=== Provided information ===

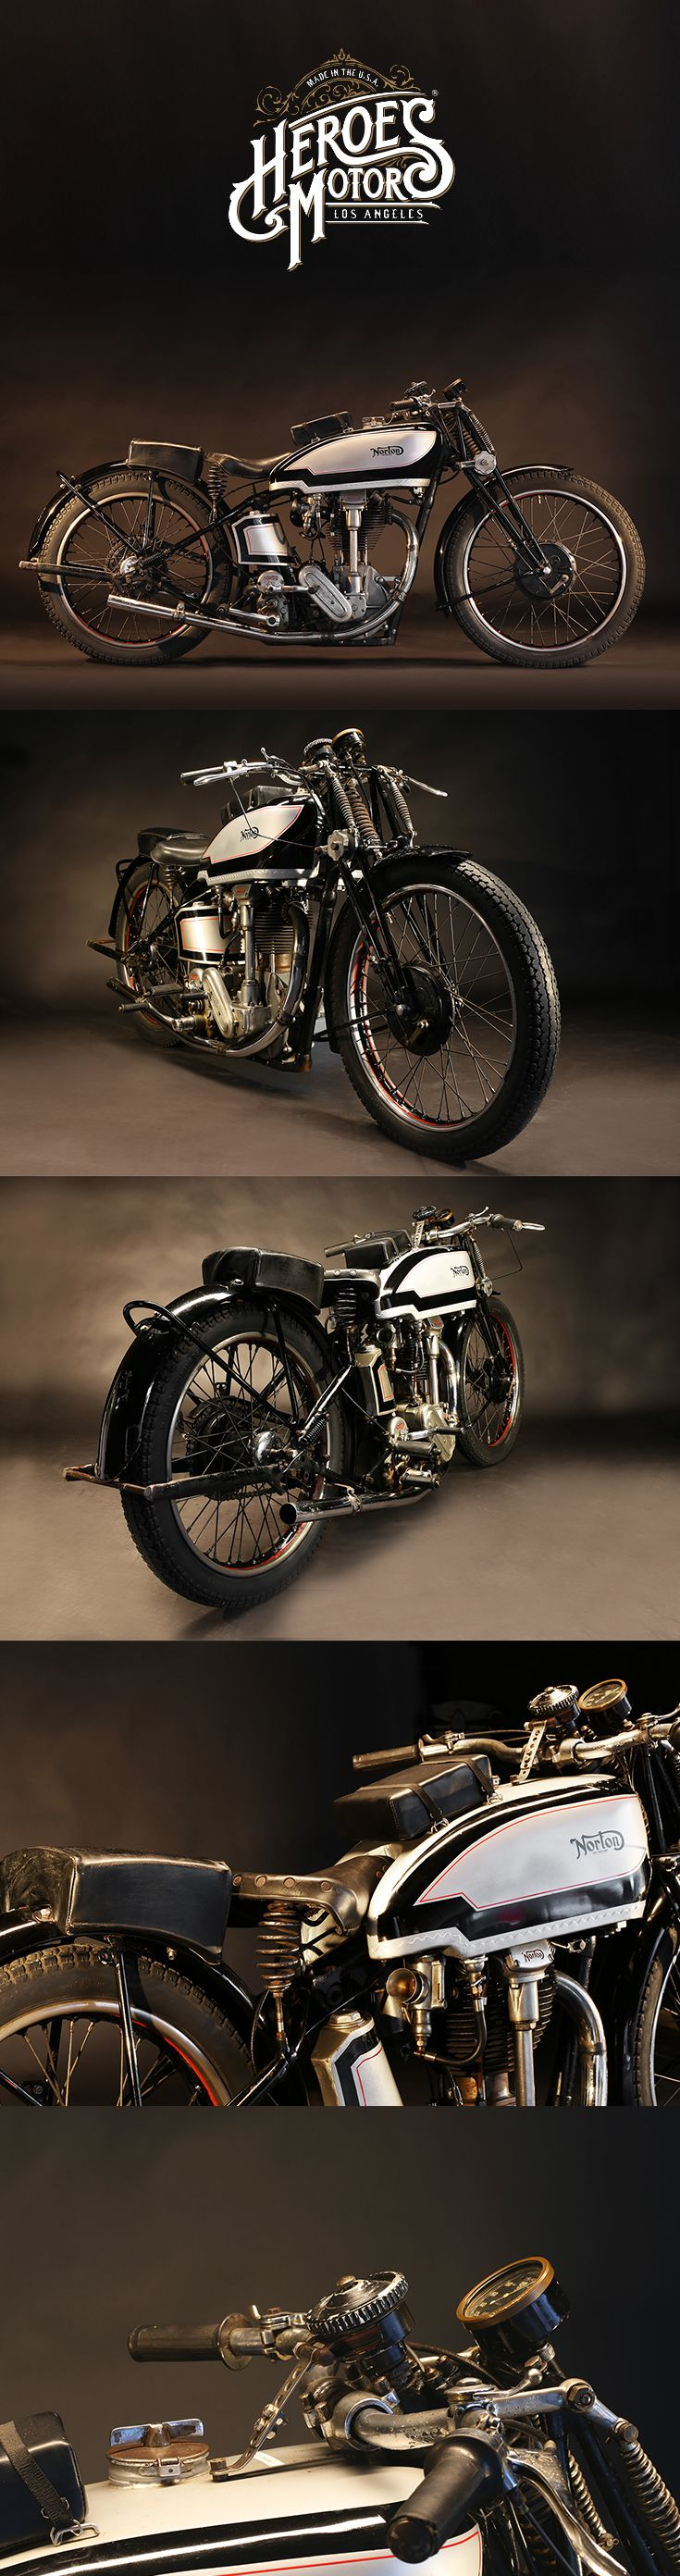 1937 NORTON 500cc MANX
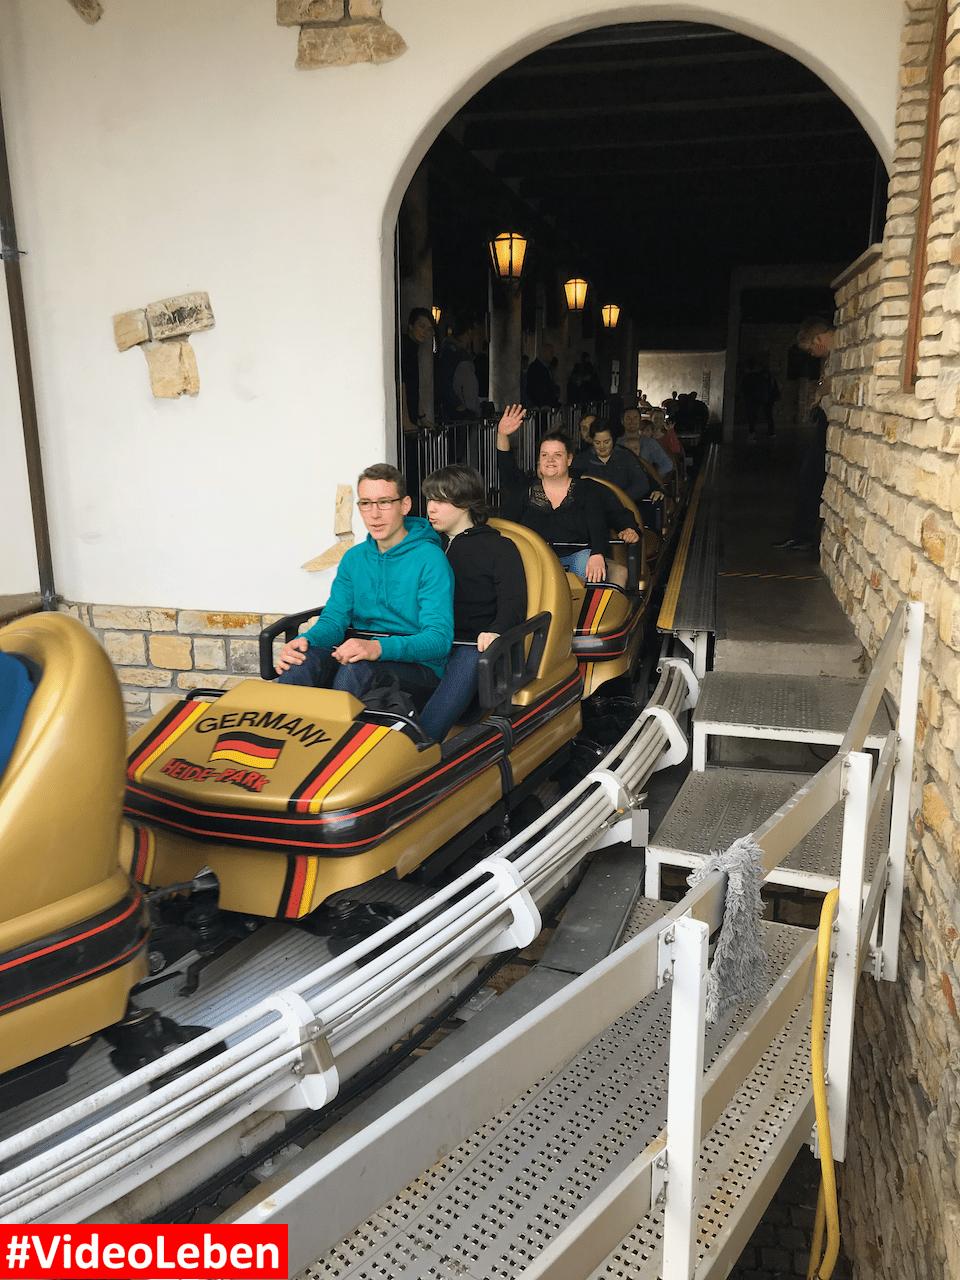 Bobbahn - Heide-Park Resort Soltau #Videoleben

===
=== Provided information ===

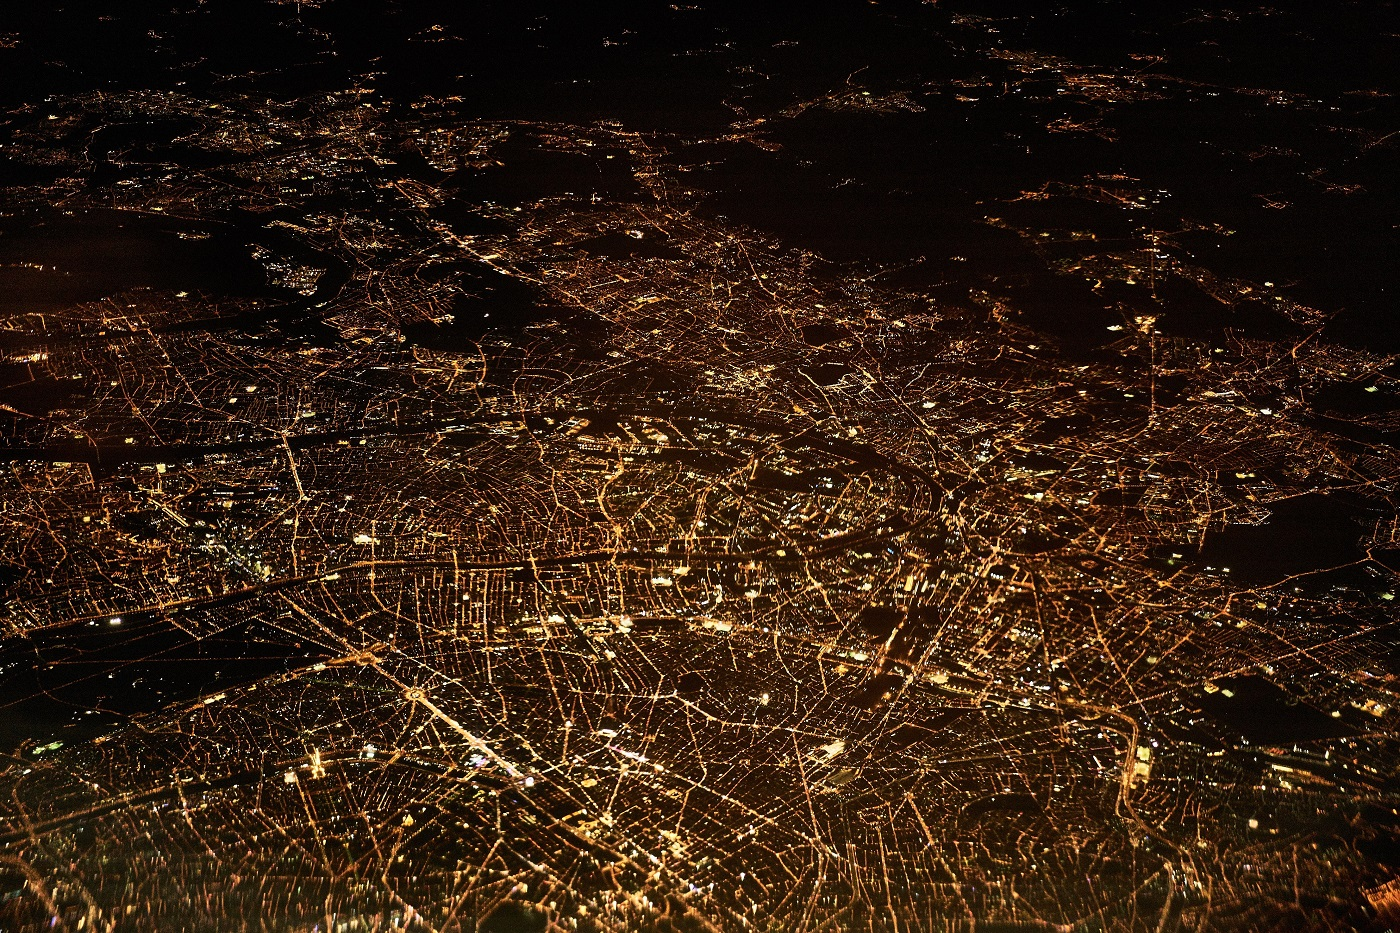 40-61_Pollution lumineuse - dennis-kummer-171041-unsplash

===

### Task directions:
From the material above, reproduce only what runs from the line holding "1937 NORTON 500cc MANX" down to the line holding "Bobbahn - Heide-Park", both included, pictures excluded.

### Answer box:
 1937 NORTON 500cc MANX
 Bobbahn - Heide-Park Resort Soltau #Videoleben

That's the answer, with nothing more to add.